Tue Sep 27 16:31:22 EDT 2016

On 9/27/16 8:24 AM, Jun Wu wrote:
> I changed the subject to reflect the actual topic.
>
> The map or whatever structure to replace one single linkrev to a list of
> "introrev"s (or flags indicating it is not unique) is just a hack.
Sure it's imperfect, but it won't require any BC breakages, and it will 
likely fix the problem for the majority of use cases (by letting us only 
scan the changelog .i for potential ancestor linknodes and avoid 
scanning the changelog .d).
>
> The long-term solution would be something different, ideally each fctx has
> one unique linkrev, and any filelog is a subgraph of the changelog.
>
> It seems we have to add some noise when creating a new filenode to address
> the problem. But hash change is a big BC. So one crazier idea is to extend
> the hash - we still have 16 bytes unused for nodeid everywhere. So it would
> be like:
>
>    - filenode would have extra N bytes for each revision, purely noise
>    - manifest would be the complex part - we need to record those N bytes for
>      each file, while we don't want to have BC or hash change.
>      The solution would be like to have a separated manifest just storing
>      those noises for each file path. So the hash of the main manifest does
>      not change - thus compatible with old clients.
>      Manifest nodeid would be extended by N bytes as well.
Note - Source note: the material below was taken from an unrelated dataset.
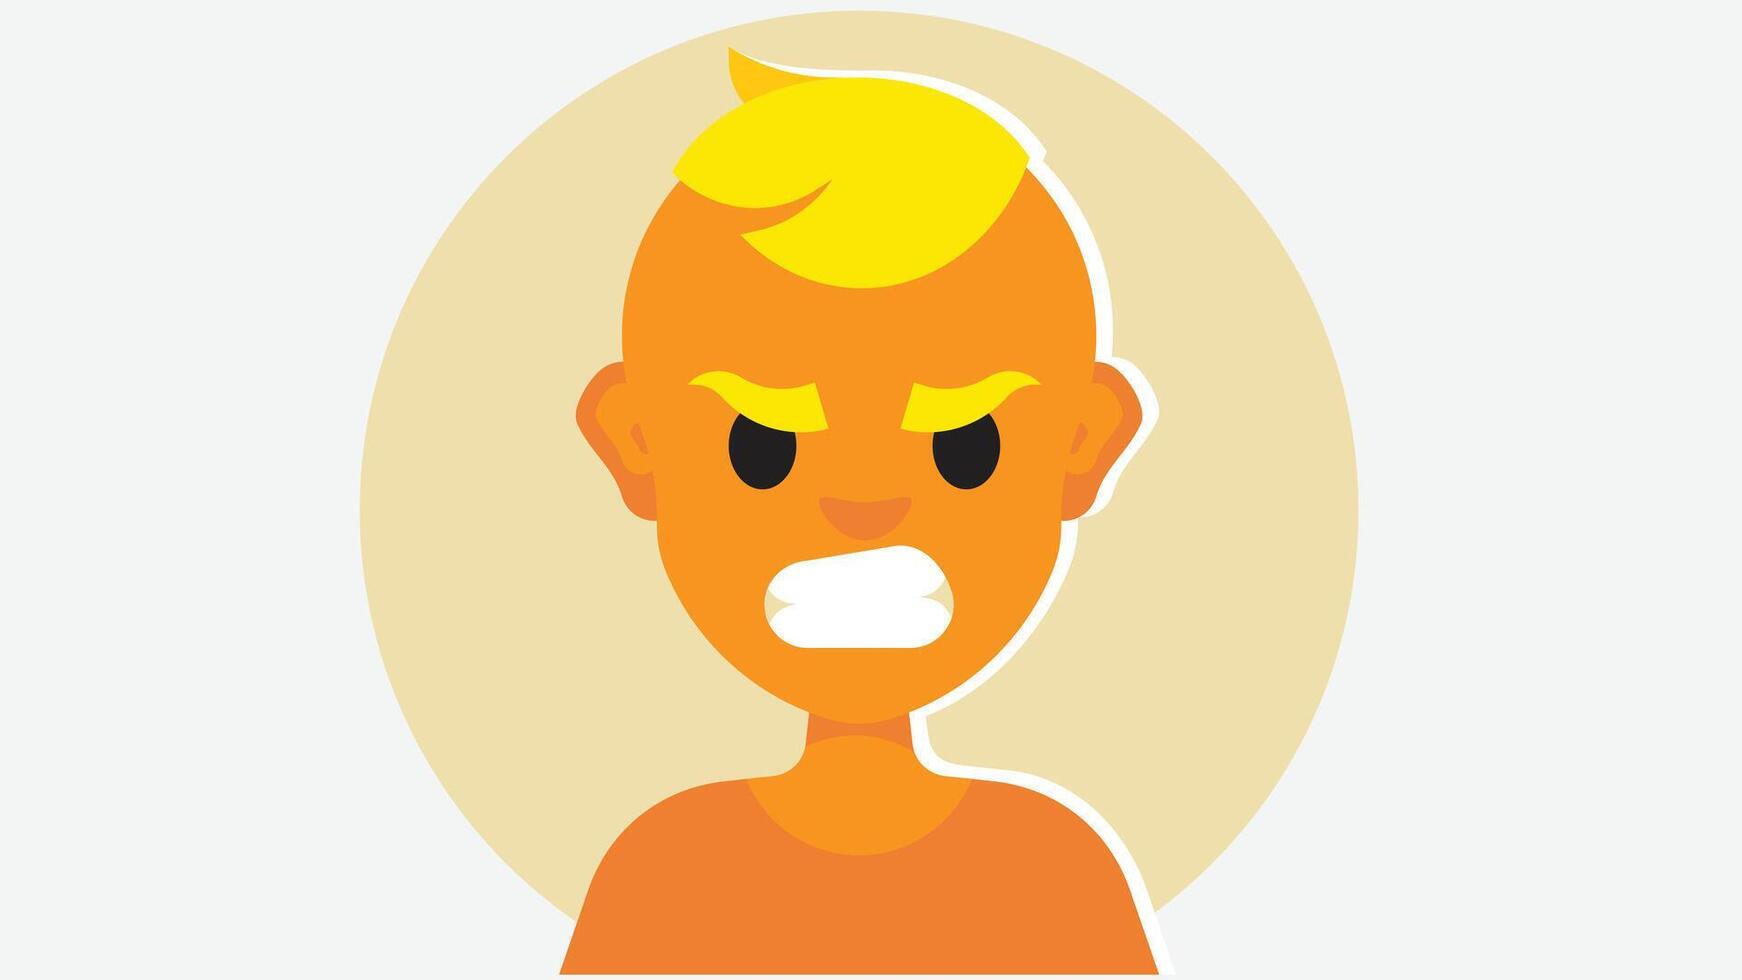 Angry child with anger face expressions vector illustration

>    - changelog nodeid would have a similar change - extra N bytes
>      representing the noise.
I don't fully understand.  You say the extra bytes don't affect the hash 
of the main manifest.  If it's not affecting the hash, how is it fixing 
the problem?  If it does affect the hash, where does it affect it.
>
> That sounds ugly anyway. If we can make a big BC on the hash (just like
> treemanifest), I think it's may be the time to change more things, like:
I honestly don't think we'll be able to make a BC breaking hash change 
in upstream Mercurial.  Nor do I think the benefits outweigh the 
downsides for the community.
>
>    - Include the order of p1, p2 in the hash
The order is already p1-then-p2. Why does it need recording?
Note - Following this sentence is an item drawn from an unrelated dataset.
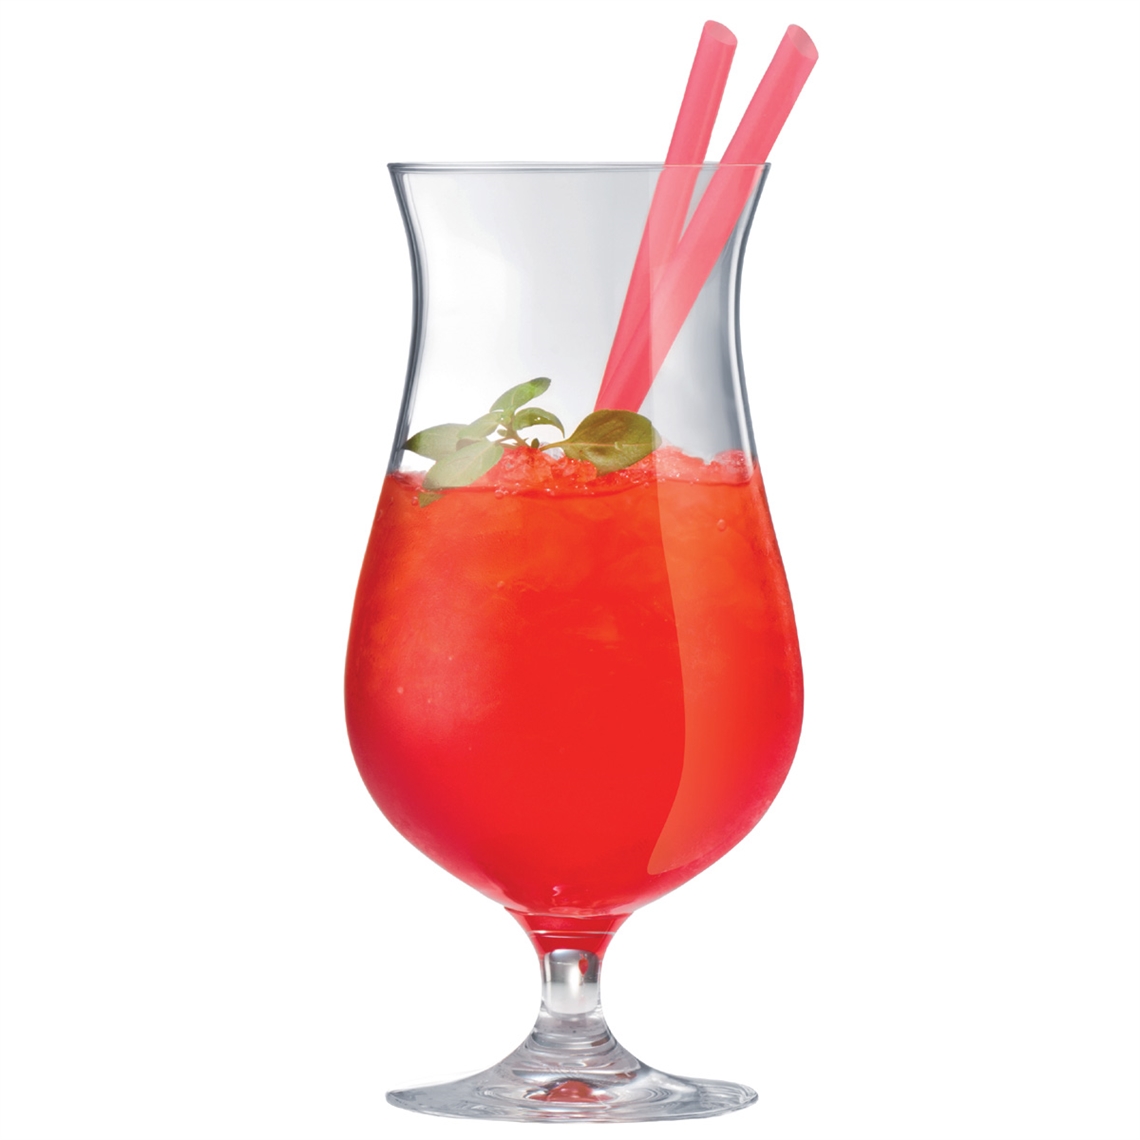 View more riedel vinum from our Cocktail Glasses range

>    - Like git, hash file blobs without parentids, say it's blobid, so we can
>      reuse blobs for copies, reverts, and across repos.
>    - Generate some noise (like, uuid) for each changeset being created
>      (thanks Durham for this idea), in filelog, let nodeid = hash((blobid,
>      p1, p2, intro-changeset-uuid)). The uuid could be reused for the amend
>      case.
(this was Matt's idea.  I just regurgitated it)
>
> Notes:
>
>    - The noise is a dig at my own "reduce-noise" attempt. I was planning to
>      move amend_source etc. to obsstore. But after a second thought, I
>      believe we have to have some kind of noises for performance regarding on
>      single file traversal.
>    - We could provide a command to hash the tree if we have the blob layer,
>      for users who want to check if two commits have the exactly same file
>      contents.
>
> Excerpts from Pierre-Yves David's message of 2016-09-27 16:08:33 +0200:
>> On 09/24/2016 07:59 PM, Jun Wu wrote:
>>> By the way, I just encountered an _adjustlinkrev related perf issue when
>>> working on fastannotate internally. introrev (_adjustlinkrev) can take up
>>> seconds (and sadly it just returns ctx.linerev() most of the time). Seconds
>>> is unacceptable comparing with the annotate logic which only takes tens of
>>> milliseconds.
>> Did you check that that the ancestry context where properly inherited
>> from one check to another, this helps with the cost of adjustlinkrev.
>>
>>> I think a stupid way to make it better is to have a map of {fctxnode:
>>> [linknode]}. To make the map small, it only stores entries where
>>> len([linknode]) > 1. The challenge would be how to keep the map up-to-date.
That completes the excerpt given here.